Spring semester of eighth grade brought me into Mr. da Silva’s English class. A group of only five students, we met in the greenhouse on the second floor. Spider plants let down vines from the glass roof. Closer to our heads geraniums crowded in, giving off a smell somewhere between licorice and aluminum. In addition to me, there was Reetika, Tina, Joanne, and Maxine Grossinger. Though our parents were friends, I hardly knew Maxine. She didn’t mix with the other kids on Middlesex. She was always practicing her violin. She was the only Jewish kid at school. She ate lunch alone, spooning kosher food from Tupperware. I assumed her pallor was the result of being indoors all the time and that the blue vein that beat wildly at her temple was a kind of inner metronome.

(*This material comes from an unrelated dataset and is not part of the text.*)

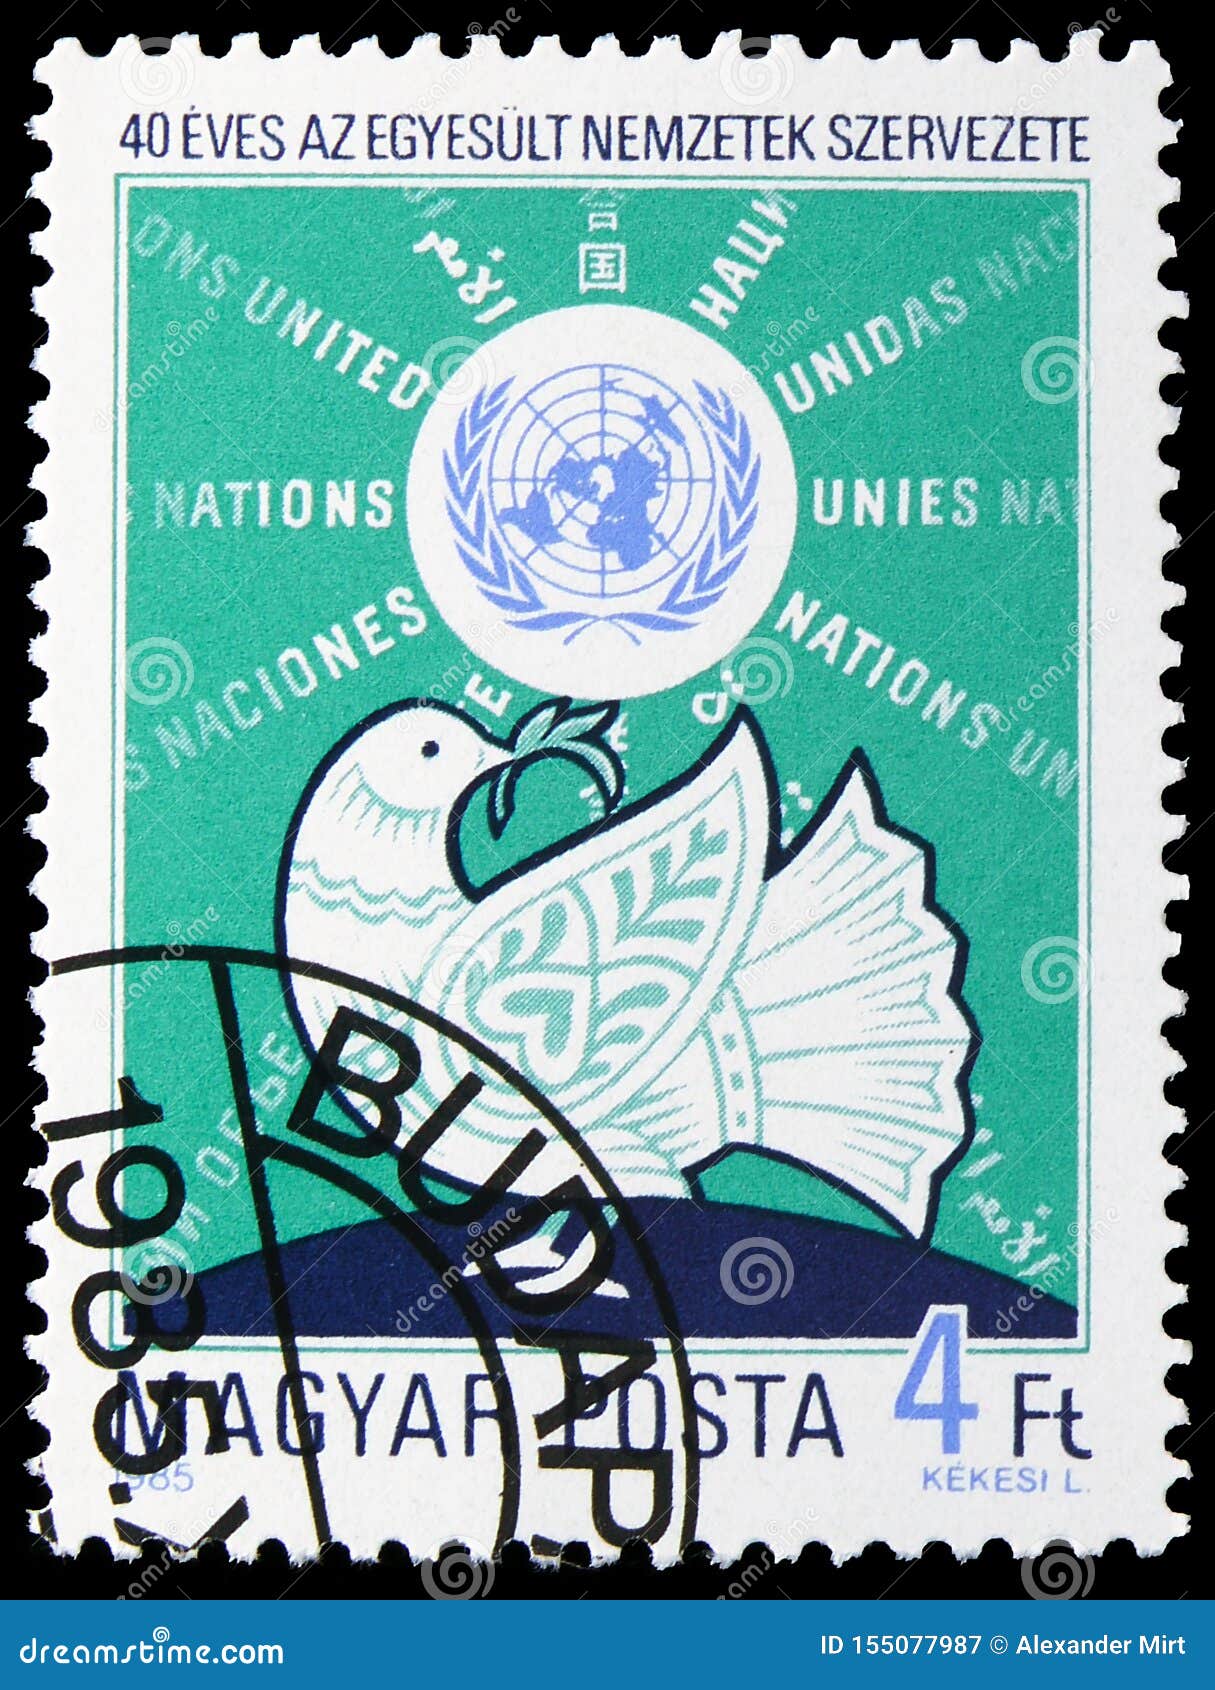 Оон 1985. Марки ООН. Голубь ООН. Голуби на марках. Почтовая марка Армении ООН.

Mr. da Silva had been born in Brazil. This was hard to notice. He wasn’t exactly the Carnival type. The Latin details of his childhood (the hammock, the outdoor tub) had been erased by a North American education and a love of the European novel. Now he was a liberal Democrat and wore black armbands in support of radical causes. He taught Sunday school at a local Episcopal church. He had a pink, cultivated face and dark blond hair that fell into his eyes when he recited poetry. Sometimes he picked thistles or wildflowers from the green and wore them in the lapel of his jacket. He had a short, compact body, and often did isometric exercises between class periods. He played the recorder, too. A music stand in his classroom held sheet music, early Baroque pieces, mostly.

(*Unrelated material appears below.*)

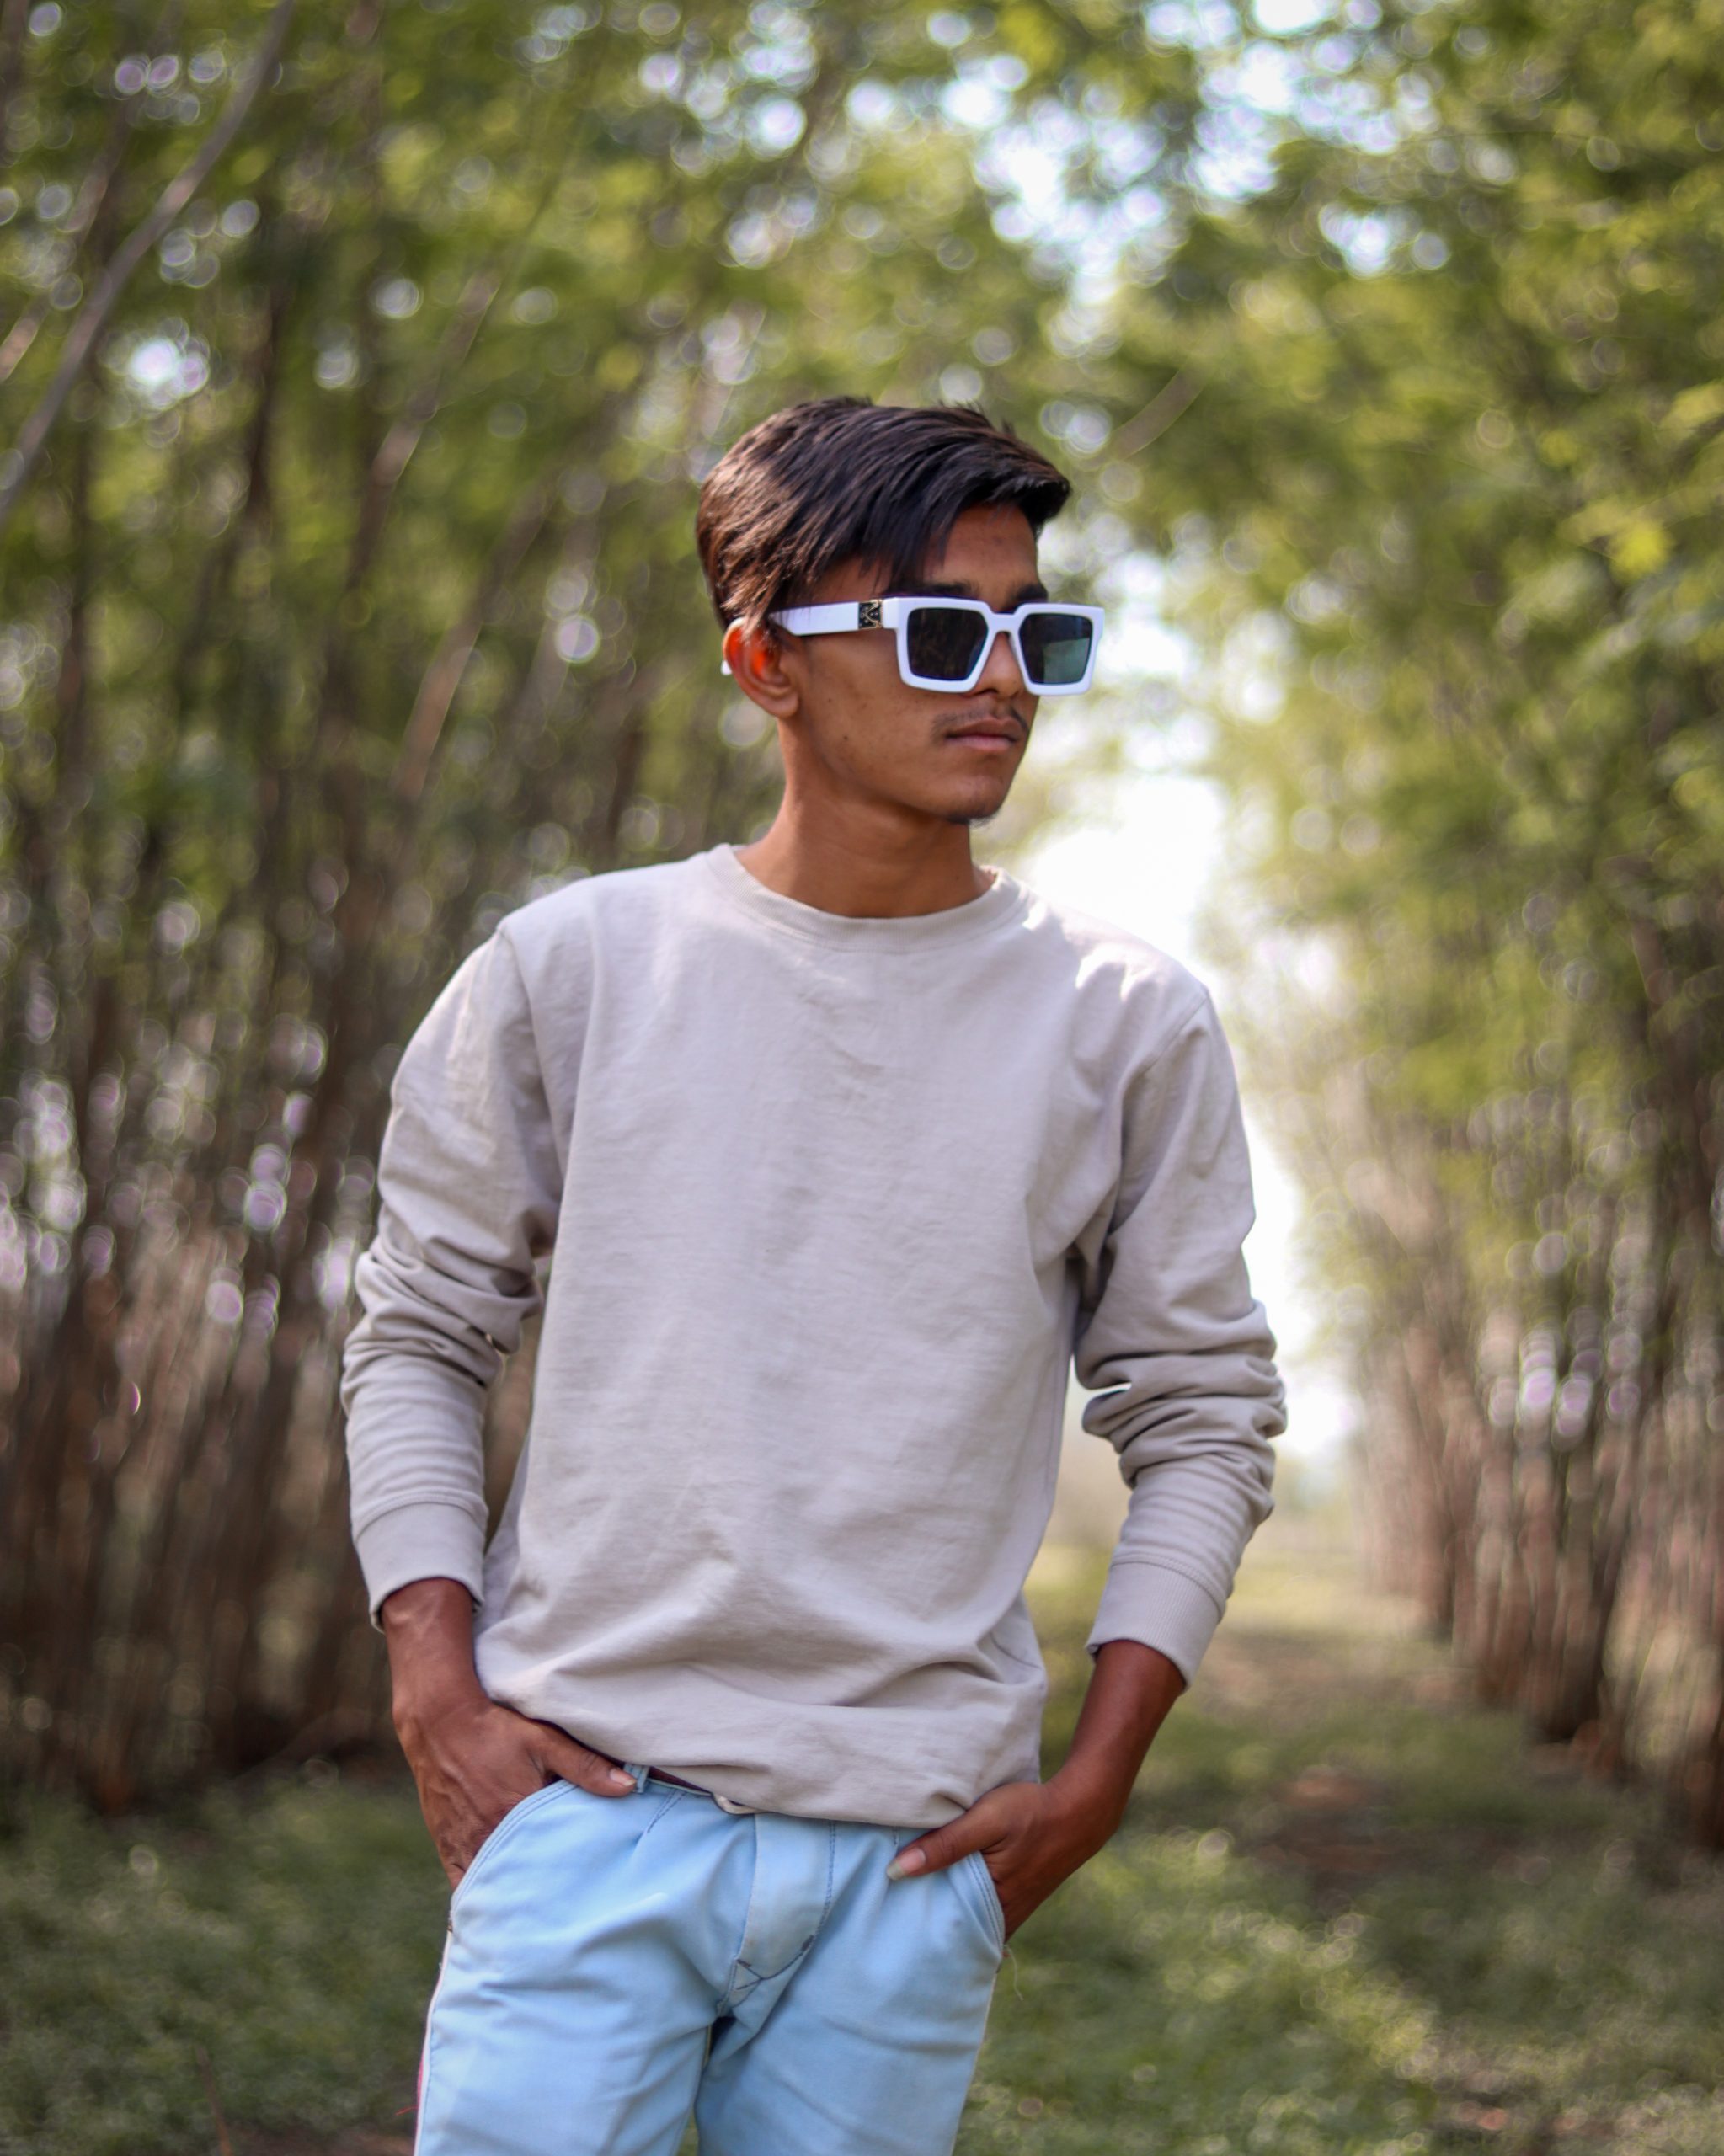 Stylish boy posing with sunglasses

He was a great teacher, Mr. da Silva. He treated us with complete seriousness, as if we eighth graders, during fifth period, might settle something scholars had been arguing about for centuries. He listened to our chirping, his hairline pressing down on his eyes. When he spoke himself, it was in complete paragraphs. If you listened closely it was possible to hear the dashes and commas in his speech, even the colons and semicolons. Mr. da Silva had a relevant quotation for everything that happened to him and in this way evaded real life. Instead of eating his lunch, he told you what Oblonsky and Levin had for lunch in Anna Karenina . Or, describing a sunset from Daniel Deronda , he failed to notice the one that was presently falling over Michigan.

Mr. da Silva had spent a summer in Greece six years before. He was still keyed up about it. When he described visiting the Mani, his voice became even mellower than usual, and his eyes glistened. Unable to find a hotel one night, he had slept on the ground, awaking the next morning to find himself beneath an olive tree. Mr. da Silva had never forgotten that tree. They had had a meaningful exchange, the two of them. Olive trees are intimate creatures, eloquent in their twistedness. It’s easy to understand why the ancients believed human spirits could be trapped inside them. Mr. da Silva had felt this, waking up in his sleeping bag.